J’ai été abusée sexuellement par un cousin plus âgé de 5 ans, depuis l’âge de 8 ans à 13 ans. Ma mère, une fois qu’elle l’a appris (après m’avoir accusée à 13 ans de « coucher » avec mon cousin !) m’a comme seule réponse, donné 10 francs pour « aller m’acheter quelque chose ».
A l’âge de 14 ans, j’ai trouvé un peu de tendresse auprès d’un copain de 9 ans de plus que moi, que j’ai connu car il remplaçait un de mes professeurs, sans que mes parents ne réagissent. J’ai mené pour ainsi dire une vie de couple avec lui.
J’ai grandi dans le silence des abus sexuels, jusqu’à mes 22 ans, lorsque j’ai appris que ma sœur cadette, de 4 ans plus jeune que moi, avait subi les mêmes abus.

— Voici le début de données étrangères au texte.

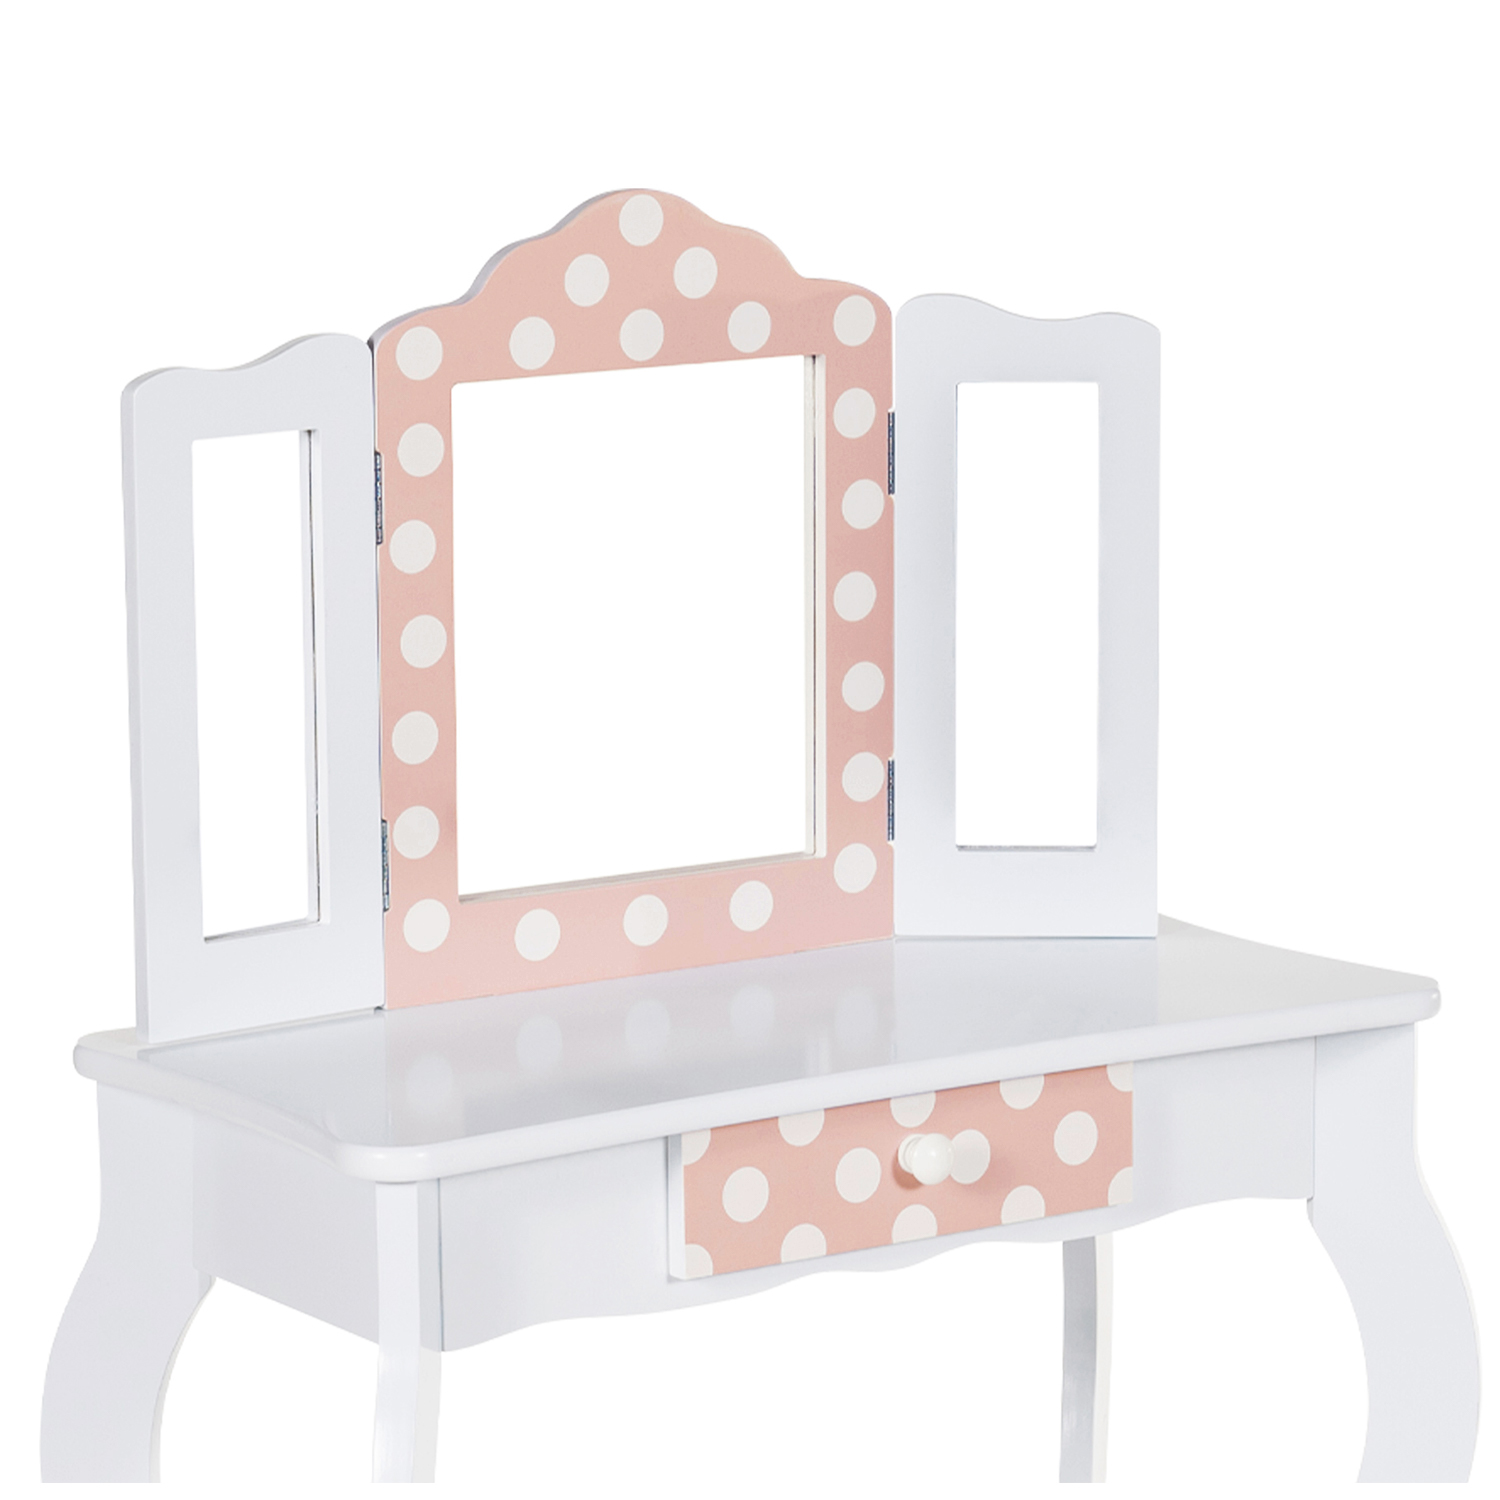 Coiffeuse enfant rose bois avec chaise ✔️ Petite Amélie

Dans une grande colère, j’ai alors demandé à ma mère de communiquer ces événements à mon père, ainsi qu’à la famille de mon cousin, car je ne souhaitais plus côtoyer ces gens. Je n’ai reçu aucun soutien, si ce n’est de lourds reproches silencieux de mettre les bâtons dans les roues de cette famille qui allait jusque là si bien …

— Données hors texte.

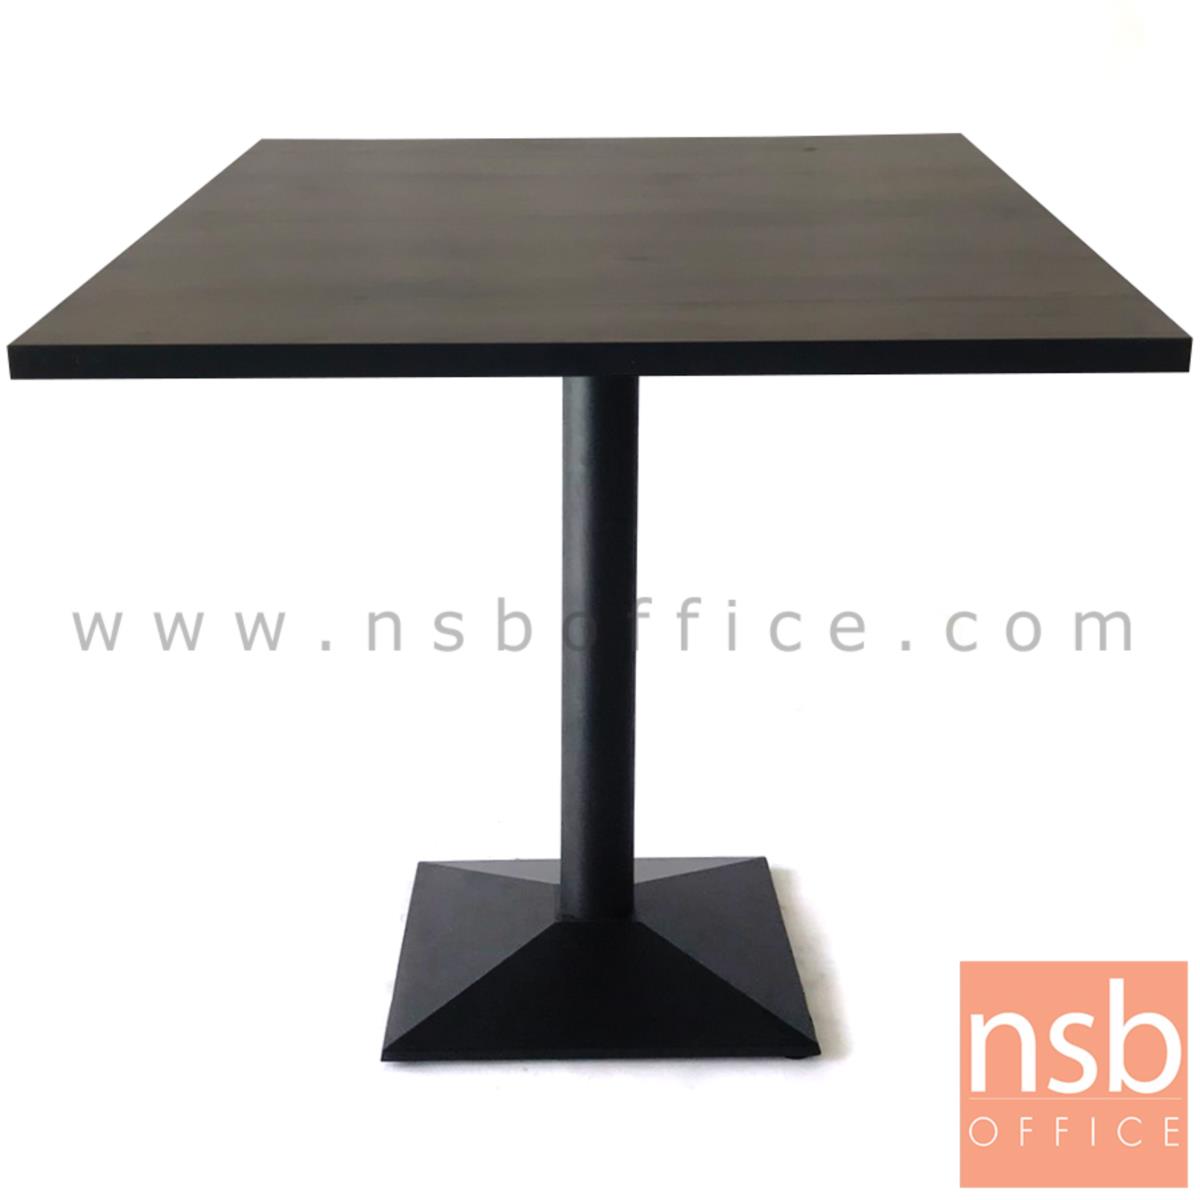 ขาโต๊ะบาร์ทรงสี่เหลี่ยมปิรามิด สีดำ รุ่น PIRAMID

A 20 ans, j’ai rencontré le père de mes filles, avec qui je me suis mariée à 25 ans et ai eu 2 enfants. J’ai mis beaucoup de temps à comprendre que j’étais dans une relation de complète dépendance avec lui, qui me manipulait complètement et était d’un égoïsme incroyable. Je revivais la même situation sans fin, je donnais et donnais encore, mais personne n’écoutait vraiment qui j’étais et ce que je souhaitais.
Je l’ai quitté à 35 ans et ai refait ma vie avec mon compagnon actuel, qui m’a toujours soutenue et avec qui j’ai appris la tendresse et le respect.
Je me suis toujours posé beaucoup de questions sur ma vie, sur le pourquoi de mes souffrances, sur ma façon d’être et de réagir et j’ai lu beaucoup de livres sur l’amour, les relations, les enfants etc. ce qui m’a aidée à progresser.
Mais je sentais que la relation avec mes parents continuait à me faire souffrir, que je n’arrivais pas à me libérer de ce passé si oppressant. Je continuais à essayer d’être une « bonne fille » afin de recevoir un peu d’amour de mes géniteurs. Alors que j’étais de plus en plus heureuse dans ma vie de couple, de plus en plus de choses m’atteignaient dans ma vie de fille et m’enlevait toute mon énergie. Je n’y comprenais plus rien.
J’ai été voir un thérapeute qui travaillait avec l’hypnose ericksonienne et qui m’a beaucoup aidée à prendre confiance en moi, à croire dans mes sentiments et mes sensations avant tout.
Et puis, je suis tombée sur les livres et articles d’Alice Miller.
Cela a été une découverte incroyable pour moi ! Tout ce que je ressentais était expliqué, et justifié par une professionnelle !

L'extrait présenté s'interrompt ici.